Cautious optimism returns to the market, but location remains key.
The latest reports from the most credible property sources show that the UK property market is beginning to turn positive. Still, buy-to-let investors should pay close attention to location.
Savills identified for key takeaways from their latest property analysis:
- The UK property market has proved more positive than they previously thought.
- Their short-term forecast for future price growth has improved.
- Longer-term growth looks even more positive
- Monthly fluctuations may occur due to short-term mortgage rate volatility.
Why has the market done better than anticipated?
Nationwide price report has shown that the UK housing market has risen marginally in 2024. Prices are up by 1.1% according to their metric. Savills attributed this increase to lower mortgage rates with longer-term fixed rates below the Bank of England base rate, which remains at 5.25%. This has given buyers confidence that the market is stabilising. Added to this, lenders have more confidence in the market with more flexible lending criteria. The net result is that mortgage approvals moved above 60,000 for the first time since September 2022.

Why has Savills uplifted its short-term house price projections?
Positive sentiment is slowly returning to the UK property market. One of the biggest contributors to this is the control of inflation. Double-digit inflation now seems a thing of the past, with headline inflation down to 3.2% compared to 11.2% at the end of 2022. This makes consumers think interest rates will fall, resulting in cheaper mortgage rates. Buyers will slowly have more affordability to buy. This is important as mortgages are still far cheaper than rent. As a result, Savills predicts a positive 2024, with prices rising by 2.5% across the board.
Why is Savills increasing its long-term price projections?
Savills has upped its 5-year forecast on property to 21.6%. However, these figures change dramatically when looking at location. The Northwest, such as Manchester, is in line for the highest growth at 28.8%, 14% higher than London-based properties.
The reason for this projected growth is the improvement of the economy. Oxford Economics forecast for GDP growth over the next five years has increased from 7.2% to 8.9% and wage growth from 15.8% to 16.4%.
More importantly, interest rates are likely to fall dramatically. The base rate is projected to be at 3.5% by the end of 2025 and 2.5% by the end of 2026. This cuts the cost of borrowing, resulting in increased affordability. For buy-to-let investors, this means more profit from both income and capital growth.

Why are house prices fluctuating from month to month?
Savills has analysed the political landscape and understands that economics are more volatile in the months before and after a general election. Financial markets have a habit of reacting in the short term to political decisions. However, the longer-term forecast is beginning to look very strong.
The Heaton Group View
The economic forecasts are encouraging. Higher property rises are on the horizon. Property investors should focus on where they invest. The North West is showing far greater potential for growth. Yields also tend to be higher, increasing profitability further. Manchester-centric investors can expect 15% more capital appreciation compared to London-focused investors.

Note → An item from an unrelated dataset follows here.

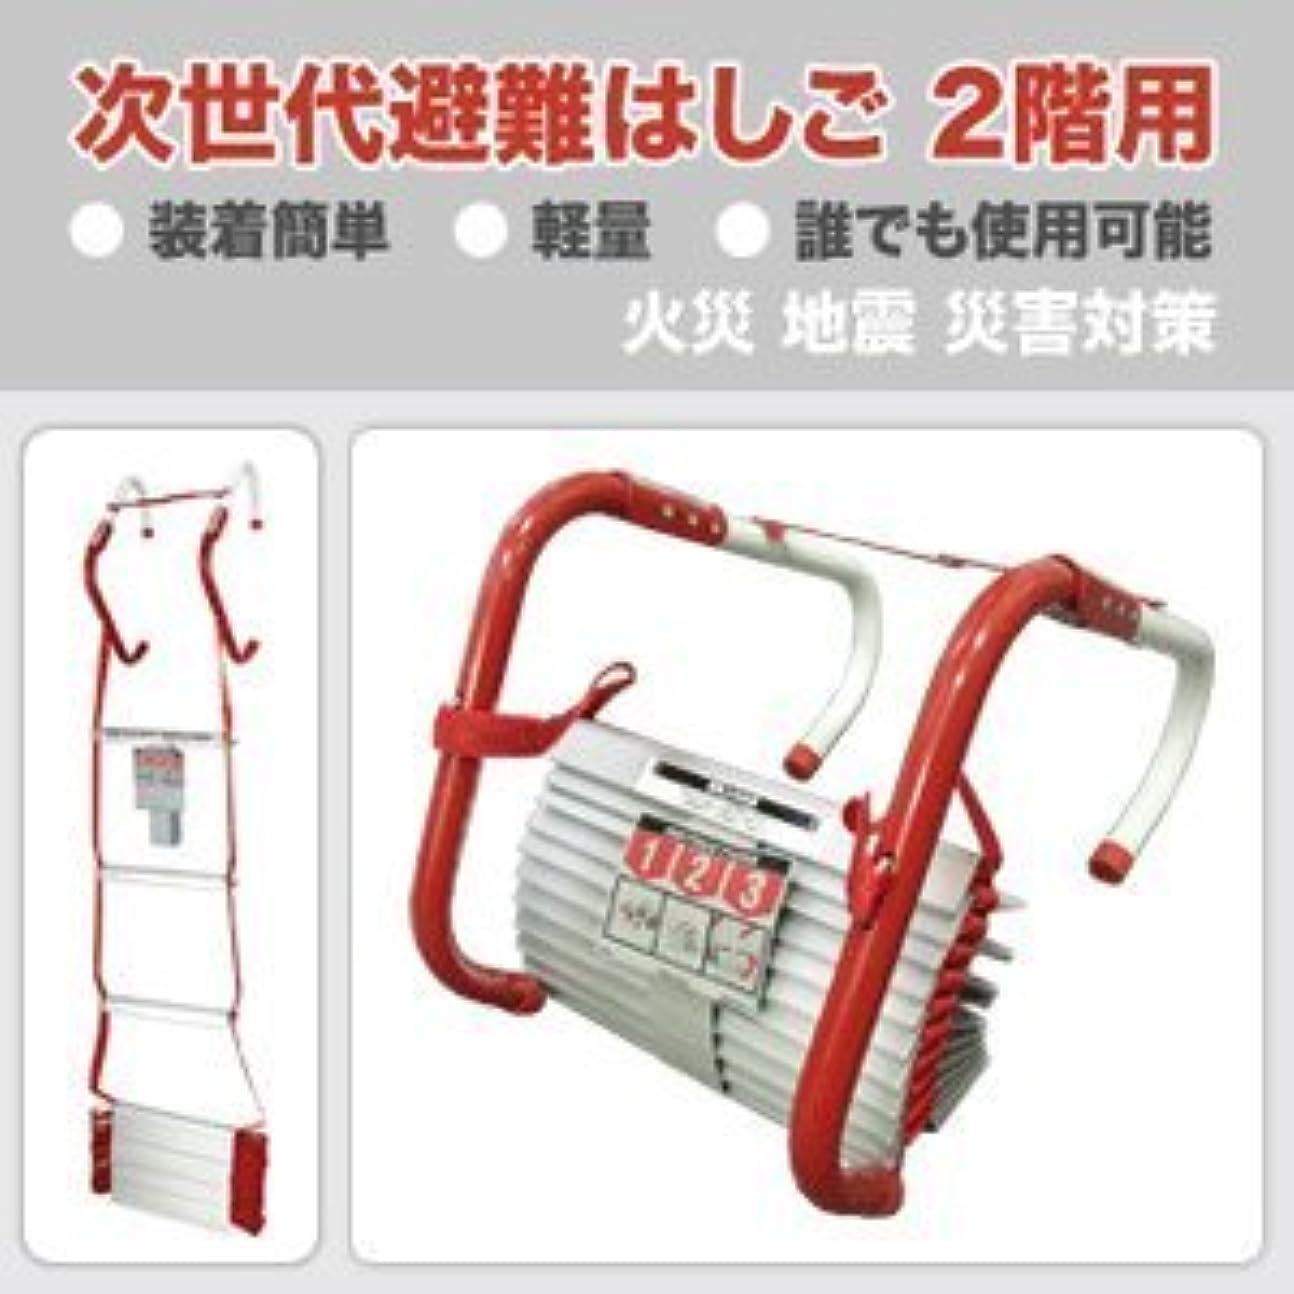 満足繁栄キュービック【次世代避難はしご 2階用 KL-2S】収納に場所をとらず、驚くほど簡単に使用できる!【日本正規品&製品5年保証付】

In the short term, interest rates remain high, which results in higher mortgage rates and reduced profit. A great solution is to opt for an off-plan property. Interest rates are expected to be around 3% in 2026, compared to 5.25% currently. This results in over £2,000 per year in mortgage savings for every £100,000 borrowed. This, coupled with buying below market value, makes the ideal option for more savvy investors.